The final analytic step investigated whether the errors made on the KTEA-3 math subtests differed by gender. To test this hypothesis, one-way MANOVAs were conducted with math subtest error factor scores as dependent variables and gender as the independent variable. Furthermore, to look at the developmental differences of this relationship, the MANOVAs were conducted separately for ages 6 to 11 and ages 12 to 19. Prior to conducting the analyses, the math factor scores were examined for univariate normality issues and outliers. Any extreme cases were analyzed to verify their impact on the distributional properties of each subtest.

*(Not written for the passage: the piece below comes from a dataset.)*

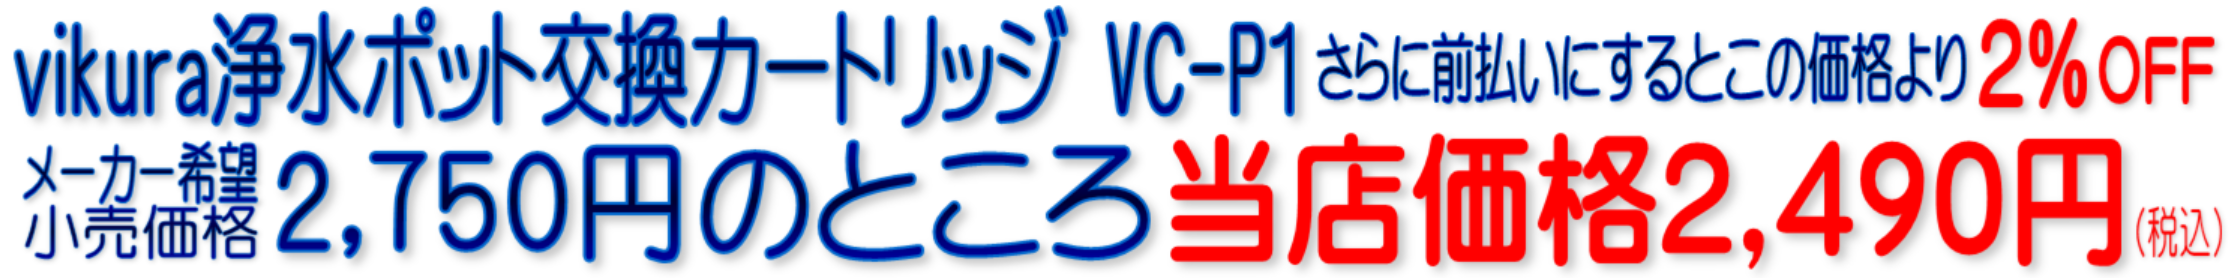 vikura浄水ポット ビクラ浄水ポット VF-P1 VC-P1
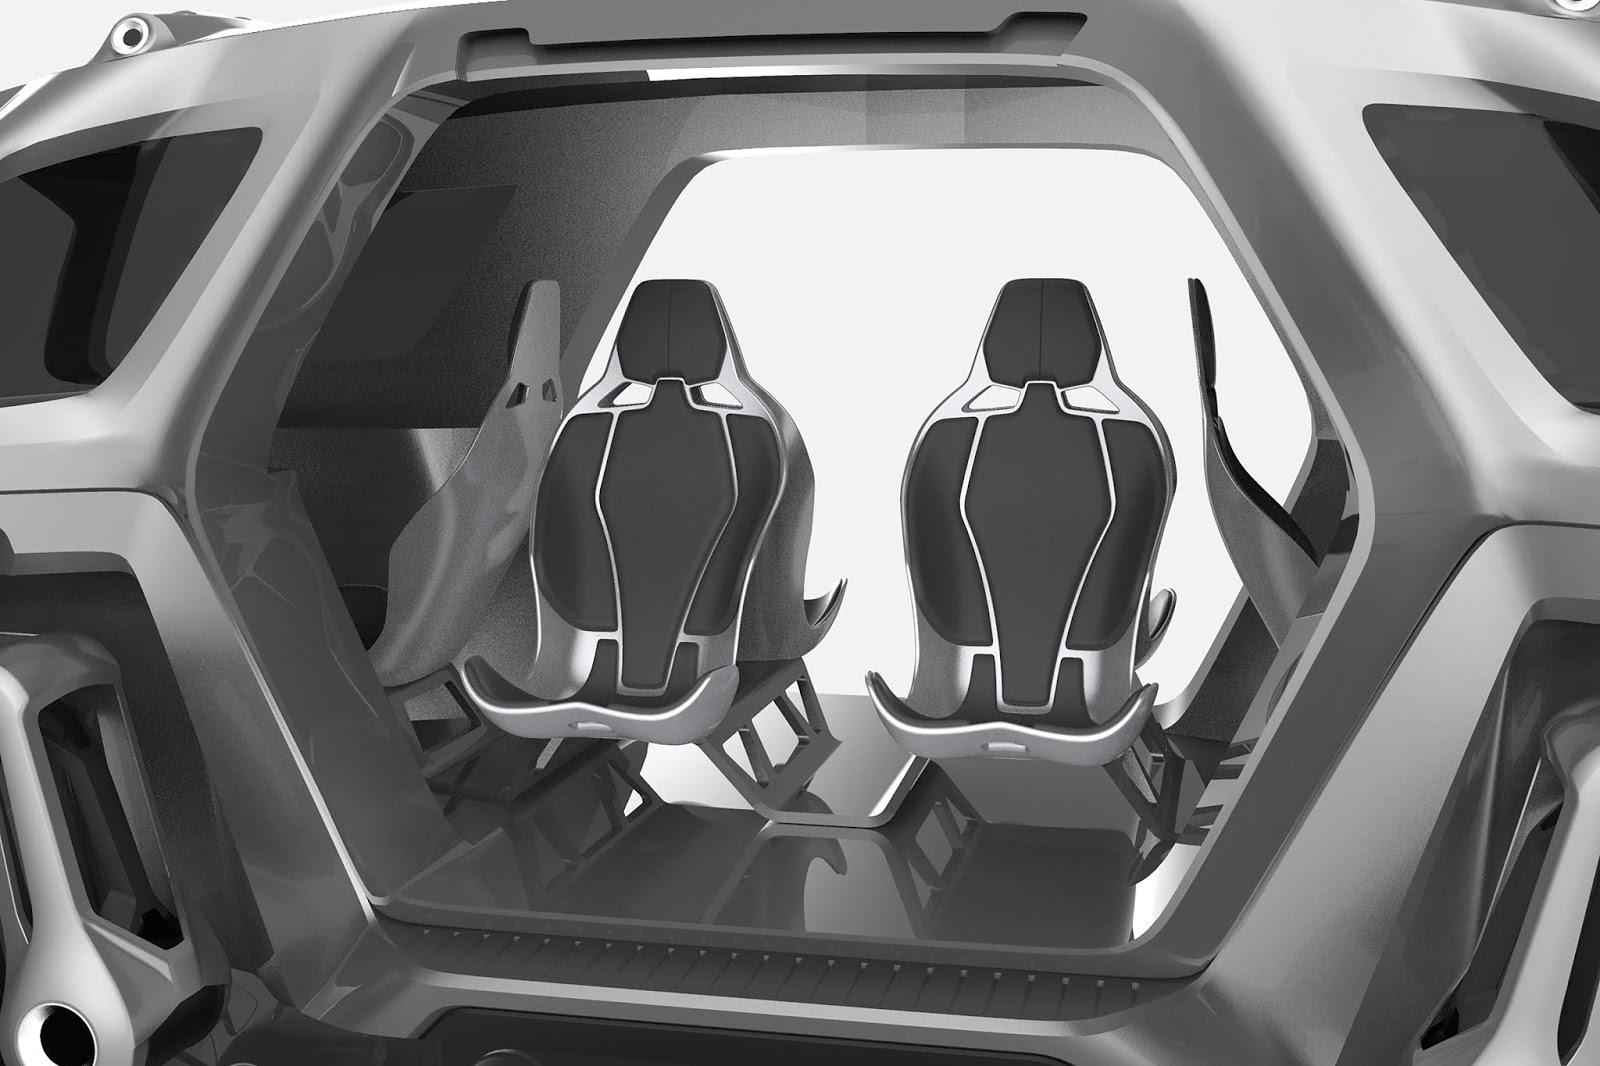 hyundai elevate concept252832529 H Hyundai έβγαλε όχημα με ρομποτικά πόδια! Electric cars, Hyundai, zblog, Τεχνολογία

Using criteria of |2| skewness and |6| kurtosis (Lix, Keselman, & Keselman, 1996), no violations of normality were observed. To examine the assumption of homogeneity of within-group covariance matrices, a two-step analysis process was utilized (Huberty & Petoskey, 2000). First, for each analysis, the Box F test was calculated. For the Math Concepts & Applications subtest, the Box tests were statistically significant for ages 6 to 11 (χ2 = 31.93, p ≤ .0001) and ages 12 to 16 (χ2 = 15.25, p = .018). The Box tests were not statistically significant for the Math Computation subtest. However, as noted by Huberty and Petoskey (2000), the Box test is an extremely powerful test. Therefore, as a follow-up analysis, the natural log of the determinant of the covariance matrix for each level of the independent variable was compared with the natural log determinant of the pooled matrix (Huberty & Petoskey, 2000; Olejnik, 2010) for the Math Concepts & Applications subtest. In the judgment of the researchers, the differences were relatively close, with the largest difference between a given group and the pooled natural log determinant equal to −.15.

Results

Statistical analysis yielded a total of five error factors within the two math subtests included in this study. Two error factors were identified within the Math Computation subtest. Factor 1 reflected basic mathematical computation beyond addition, such as subtraction, regrouping, multiplication facts, and logic. Factor 2 consisted of addition. In the Math Concepts & Applications subtest, three error factors emerged. Factor 1 was math calculation, which included single-step operations and computations, addition, subtraction, multiplication, division, word problems, fractions, and algebra. Factor 2 was related to measurement and geometric concepts that utilize visual-spatial information. Factor 3 included questions with complex processes such as tables and graphs, time and money, multistep problems, abstract concepts, and problems that rely more heavily on working memory. These factors were identified and named by curriculum and assessment experts in the field (J. Willis & R. Dumont, personal communication, March 26, 2016; N. Mather, personal communication, March 26, 2016).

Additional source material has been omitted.